If the script is, indeed, running short of memory (which would not surprise me), the easiest way to resolve the problem would be to move the write.table() from the outside to the inside of the loop, to replace the rbind(). It would just be necessary to create a new file name for the CSV file that is written from each output, e.g. by:
csvFileName <- sprintf("compareRegAndRev%03d_%03d.csv",i,j)

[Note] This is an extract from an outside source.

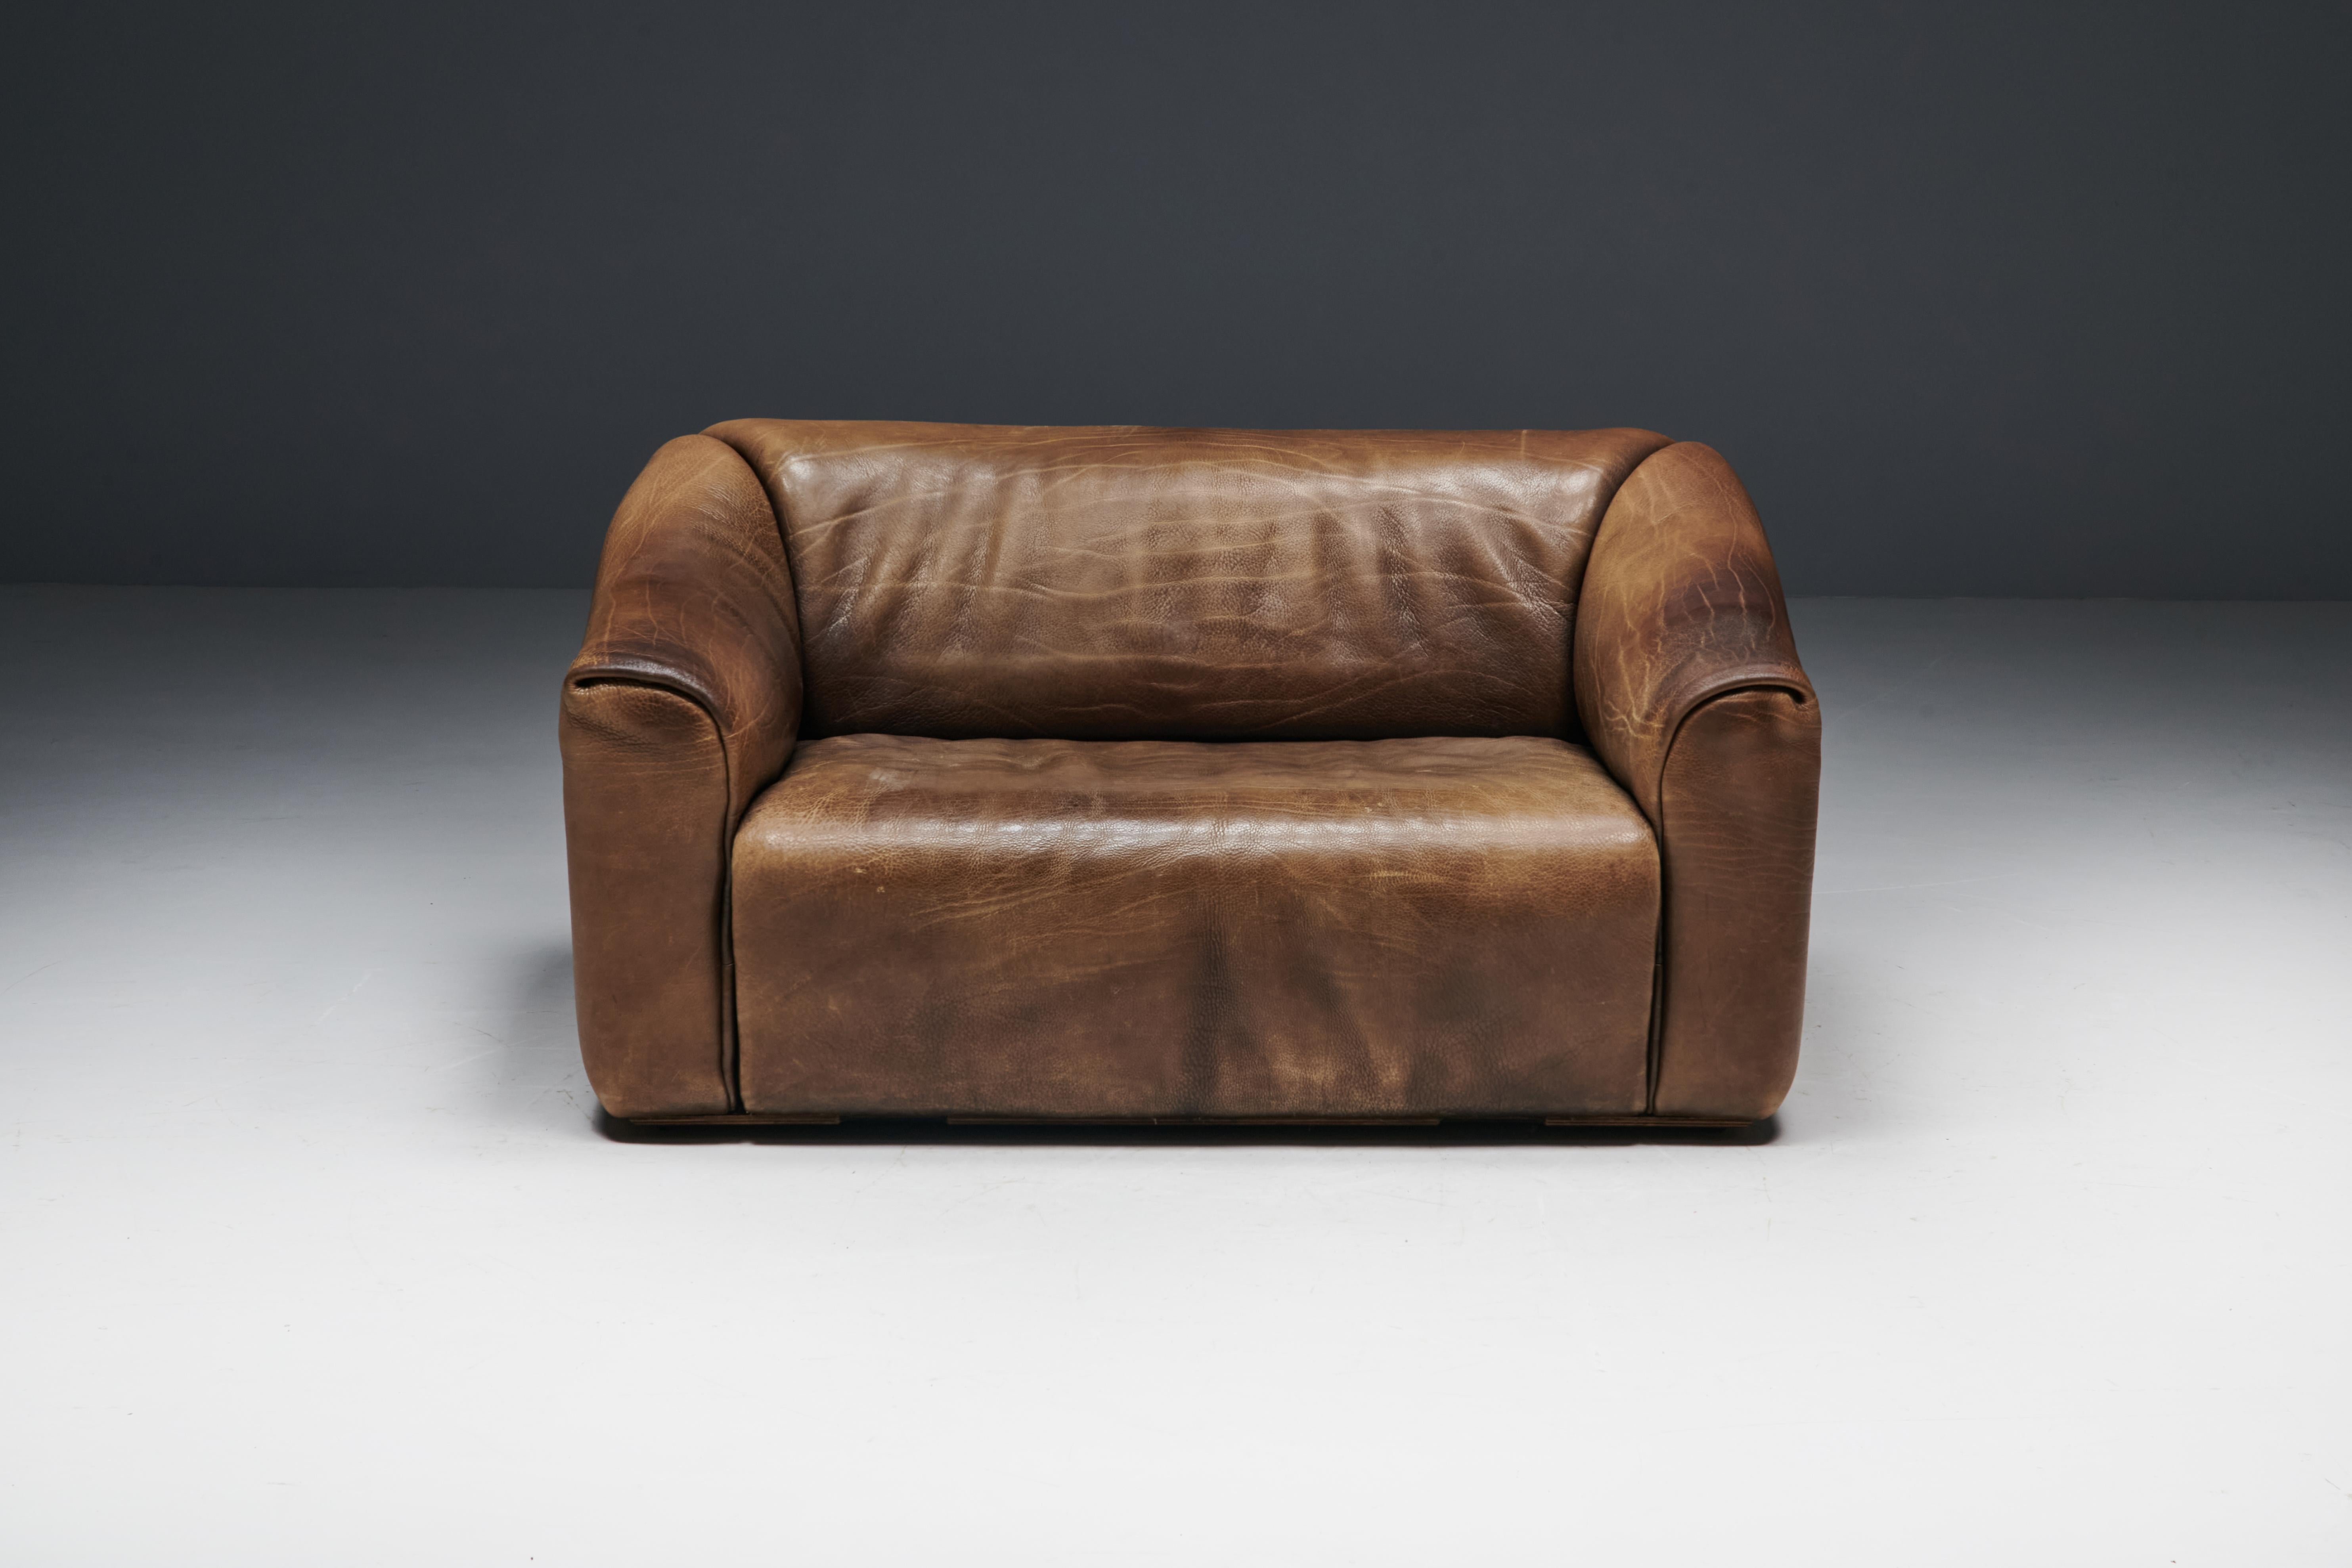 Le canapé deux places DS47, un chef-d'œuvre réalisé par De Sede en Suisse en 1970. Plongez dans le luxe avec son cuir de buffle marron de haute qualité, mettant en valeur l'artisanat réputé et les sièges confortables pour lesquels De Sede est

If the CSV files are written without headers, they could then be concatenated separately outside R (e.g. using cat in Unix) and the header added later.
While this approach might succeed in creating the CSV file that is sought, it is possible that file might be too big to process subsequently. If so, it may be preferable to process the CSV files individually, rather than concatenating them at all.